Fifteen studies with 827 patients and 5,093 patient-years were included. The overall annual mortality rate among patients with VBDAs was 13%/year (95% CI 8-19). Patients with fusiform aneurysms had a higher mortality rate than those with dolichoectatic aneurysms, but this did not reach statistical significance (12 vs. 8%, p = 0.11). The overall growth rate was 6%/year (95% CI 4-13). Patients with fusiform aneurysms had higher growth rates than those with dolichoectatic aneurysms (12 vs. 3%, p < 0.0001). The overall rupture rate was 3%/year (95% CI 1-5). Patients with fusiform aneurysms had higher rupture rates than those with dolichoectatic aneurysms (3 vs. 0%, p < 0.0001). The overall rate of ischemic stroke was 6%/year (95% CI 4-9). Patients with dolichoectatic aneurysms had higher ischemic stroke rates than those with fusiform aneurysms, but this did not reach statistical significance (8 vs. 4%, p = 0.13). The overall rate of ICH was 2%/year (95% CI 0-8) with no difference in rates between dolichoectatic and fusiform aneurysms (2 vs. 2%, p = 0.65).
In general, the natural history of -VBDAs is poor. However, dolichoectatic and fusiform -VBDAs appear to have distinct natural histories with substantially higher growth and rupture associated with fusiform aneurysms. These findings suggest that these aneurysms should be considered separate entities. Further studies on the natural history of vertebrobasilar dolichoectatic and fusiform aneurysms with more complete follow-up are needed to better understand the risk factors for progression of these aneurysms.
椎基底动脉非囊状及迂曲扩张性动脉瘤(VBDA)是一种罕见的动脉瘤类型,通常预后较差。为了更好地描述VBDA的自然病程,我们对文献进行了系统评价和荟萃分析,以确定死亡率、生长率、破裂率、缺血率和脑实质内出血率。

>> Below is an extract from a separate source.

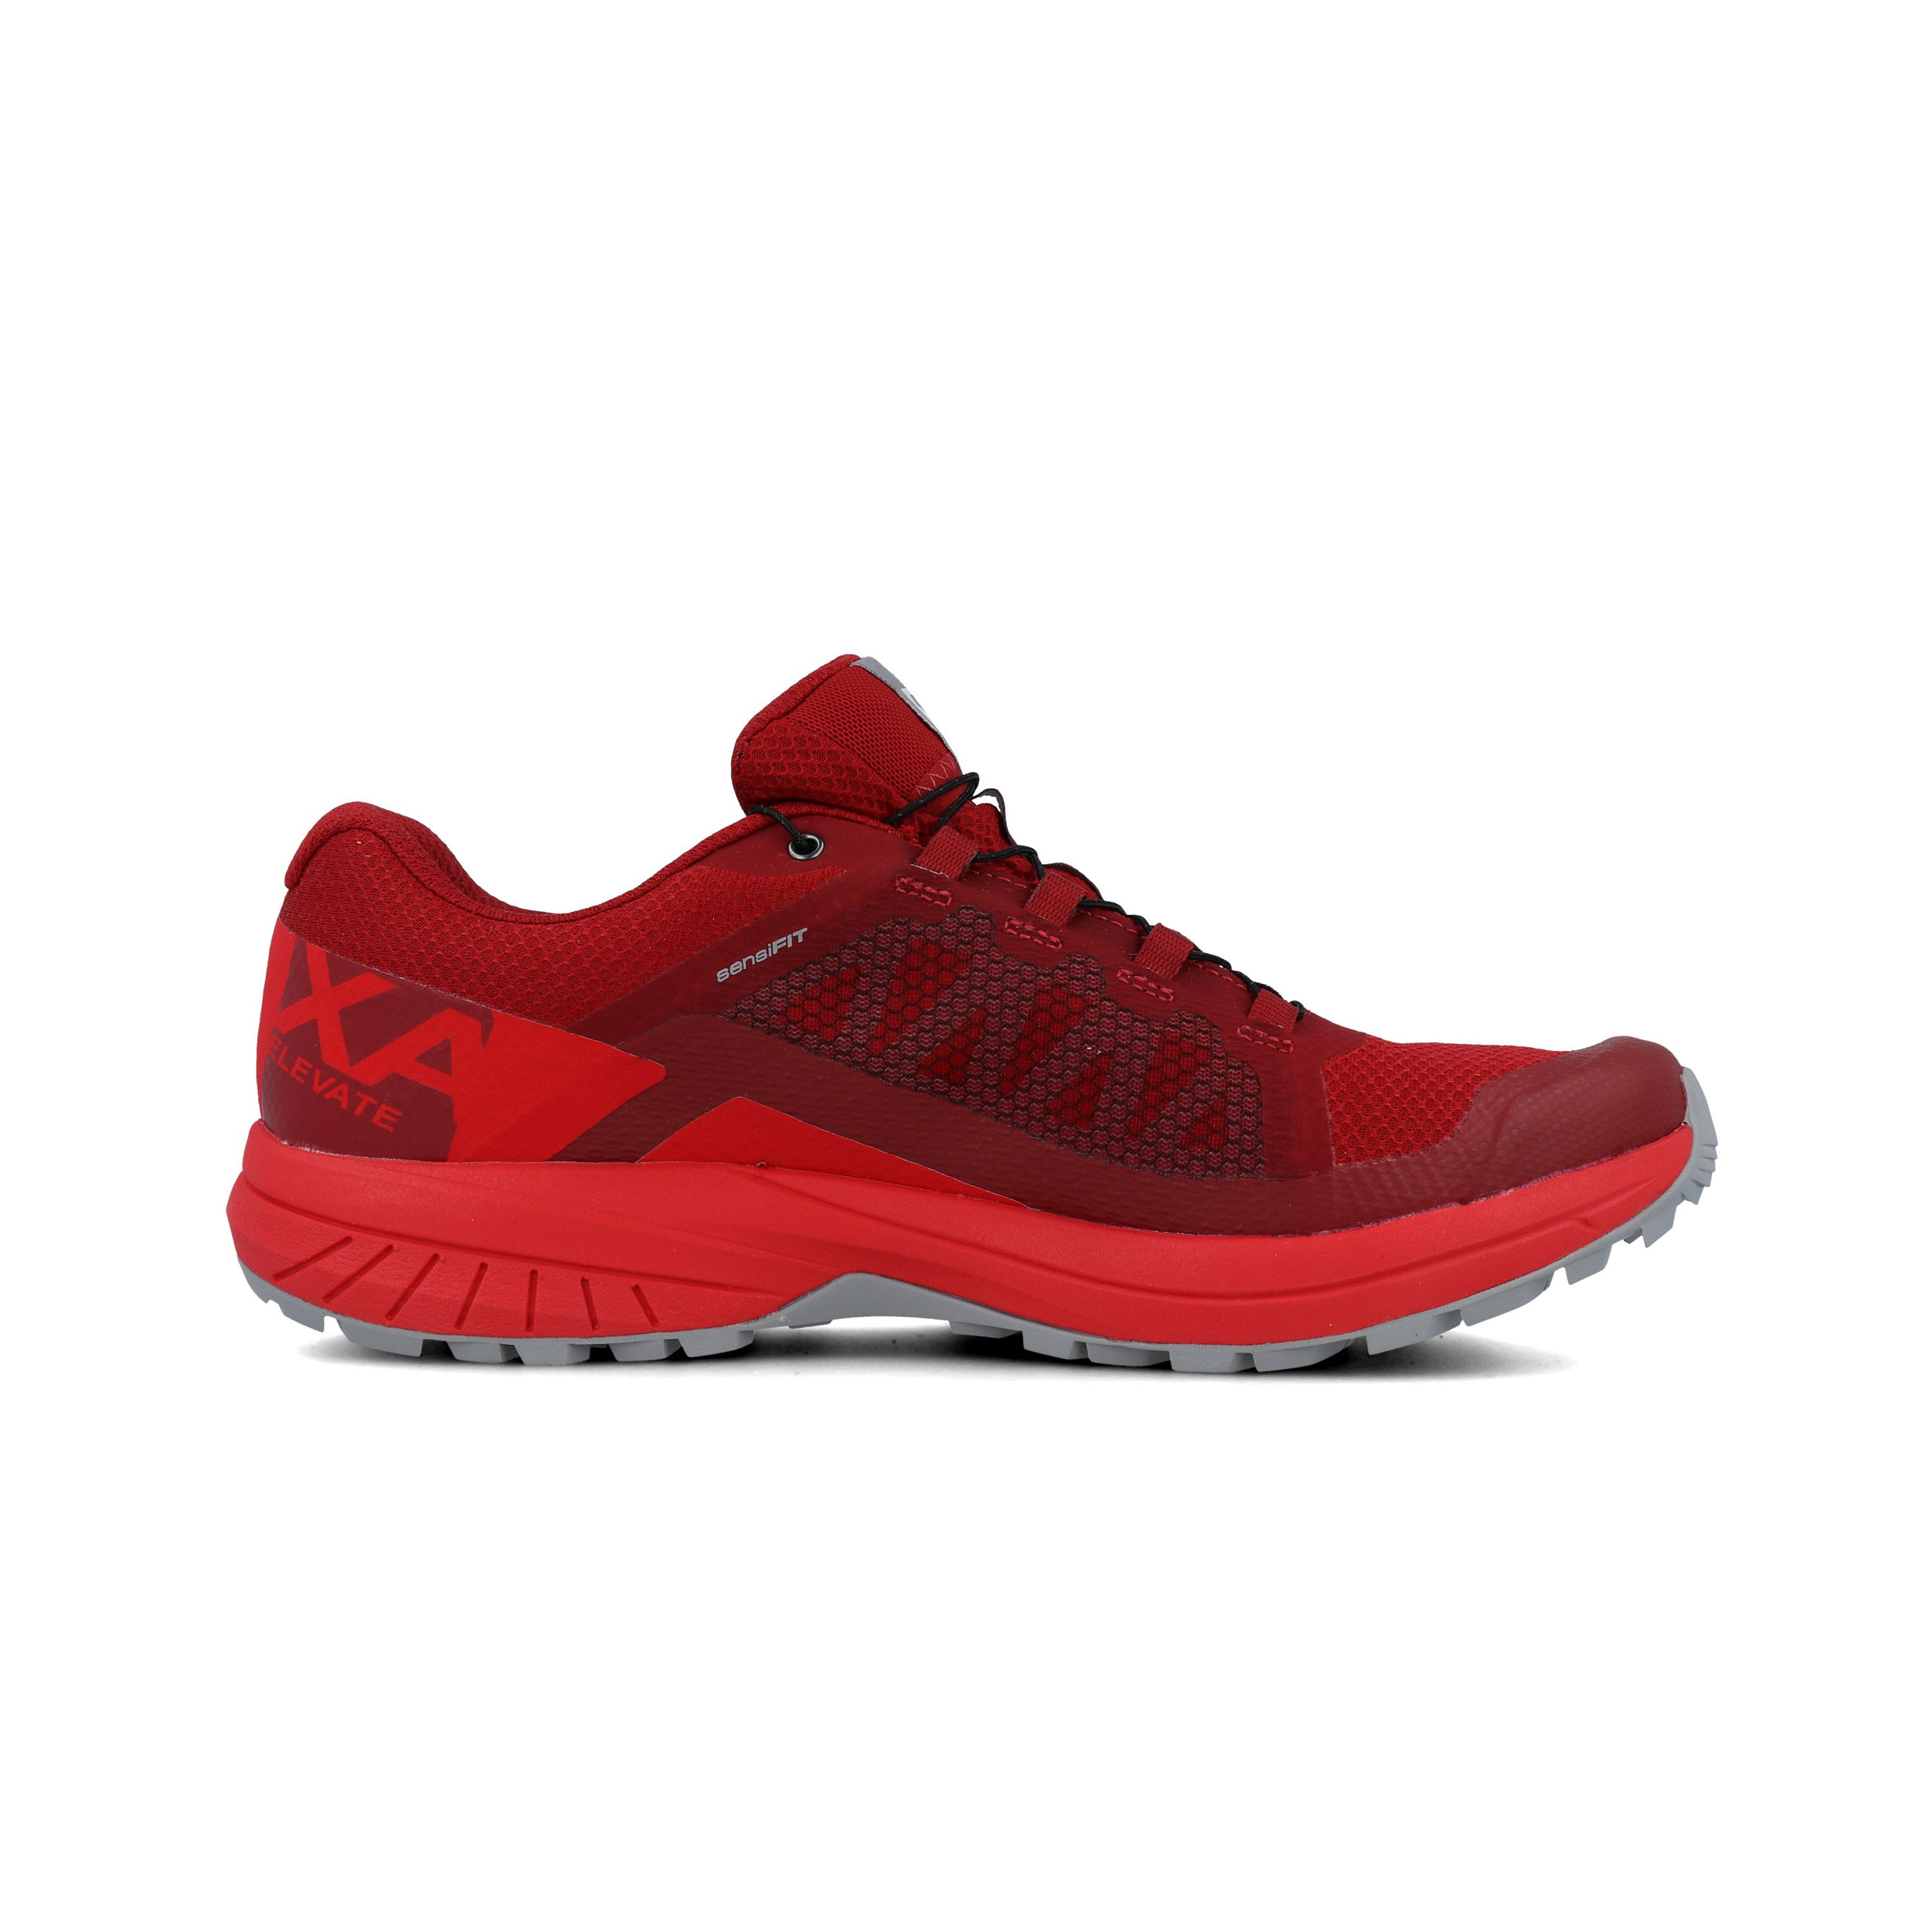 3a511f8ddd6 Salomon Hommes Xa Elevate Gore-Tex Trail Chaussures Course À Pied Baskets  Rouge

我们检索了关于VBDA患者纵向自然病程研究的文献,这些研究报告了临床和影像学结果。研究的结果包括年生长率、破裂率、缺血性卒中、脑出血(ICH)和死亡率。我们还研究了动脉瘤形态(迂曲扩张性与梭形)与自然病程之间的关联。使用随机效应模型对纳入研究的汇总统计数据进行荟萃分析。
纳入了15项研究,共827例患者,5093患者年。VBDA患者的总体年死亡率为13%/年(95%CI 8-19)。梭形动脉瘤患者的死亡率高于迂曲扩张性动脉瘤患者,但未达到统计学显著性(12%对8%,p = 0.11)。总体生长率为6%/年(95%CI 4-13)。梭形动脉瘤患者的生长率高于迂曲扩张性动脉瘤患者(12%对3%,p < 0.0001)。总体破裂率为3%/年(95%CI 1-5)。梭形动脉瘤患者的破裂率高于迂曲扩张性动脉瘤患者(3%对0%,p < 0.0001)。缺血性卒中的总体发生率为6%/年(95%CI 4-9)。迂曲扩张性动脉瘤患者的缺血性卒中发生率高于梭形动脉瘤患者,但未达到统计学显著性(8%对4%,p = 0.13)。ICH的总体发生率为2%/年(95%CI 0-8),迂曲扩张性和梭形动脉瘤之间的发生率无差异(2%对2%,p = 0.65)。
一般来说,VBDA的自然病程较差。然而,迂曲扩张性和梭形VBDA似乎有不同的自然病程,梭形动脉瘤的生长和破裂率明显更高。这些发现表明,这些动脉瘤应被视为不同的实体。需要对椎基底动脉迂曲扩张性和梭形动脉瘤的自然病程进行更全面随访的进一步研究,以更好地了解这些动脉瘤进展的危险因素。